I've heard of Jack Wada, but I don't know much about him.
Kushida Sensei, on the other hand...My teacher, Yukio Utada, was an uchideshi to him many many years ago. Some of my seniors at the Doshinkan tested under Kushida Sensei. If you like the Yoshinkan version of aikido, you should really enjoy the training under Kushida Sensei. He no longer belongs to the Yoshinkan, but I know you won't be disappointed. Expect difficult, martial training. Vitu vizuri sana...
Altough I have a preference for a more structured approach to aikido and would jump at a chans to train with someone like Kushida sensei I would definitly also check out Aikido of San Jose. It seems that in addition to Jack Wada (who seems to be a Shingu stylist) Robert Nadeau Shihan is teaching one day per week at the dojo. It seems that in California you can´t swing a jo without hitting a rokudan or atleast a godan.
To be honest, the aiki taiso or kihon dosa [as they call in in yoshinkan aikido] may be elusive for you in the beginning. Through experience, I remember the principle of whole body movement in circles at a coordinated center being difficult. For me, coming from "linear" hard movements to "soft" eight, s's, and ellipitical movements was challenging. Now, having done it for awhile, I look back and see how stiff and taut my mind and body were. Best wishes in the transition and good training.
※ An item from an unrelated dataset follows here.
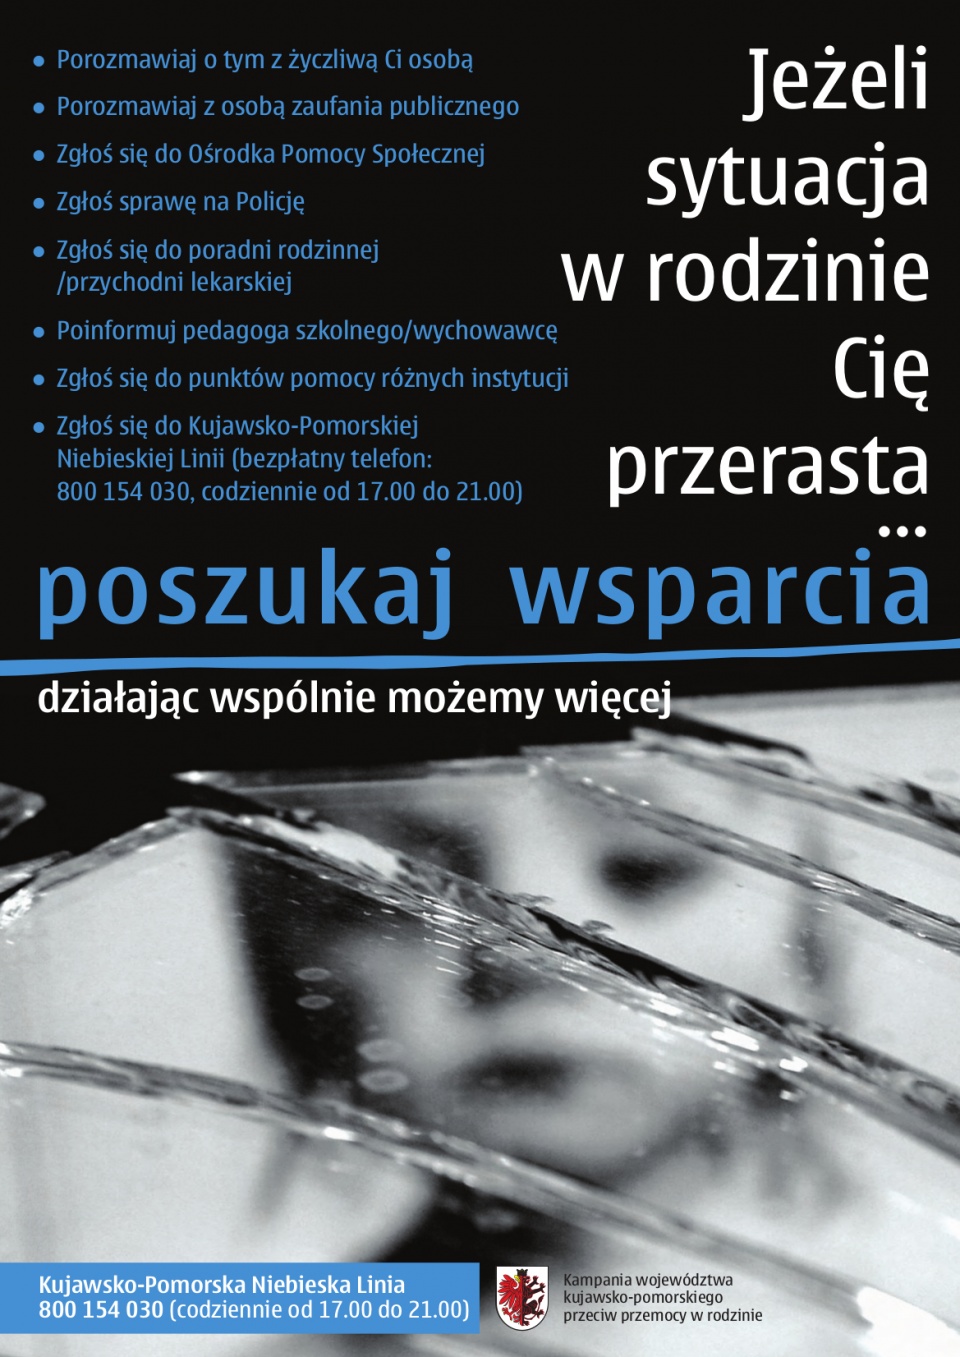 Numer 0 800 154 030 i adres niebieskalinia@kujawsko-pomorskie.pl połączą zainteresowanych z Pogotowiem dla Ofiar Przemocy w Rodzinie

When looking for schools, I think it's a good idea to tell the instructor you've done a lot of martial arts. His reaction will tell you a lot about him. Plus it's important to be honest about yourself.
So i have checked out 2 of the schools i didnt plan on looking at, and im checking out the other 2 tomarrow. When i talk to the new sensei and tell him about my past martial art experience. What kind of answer am i looking for? am i looking for him to ask questions about my training, what do i not want him to say? Just curious.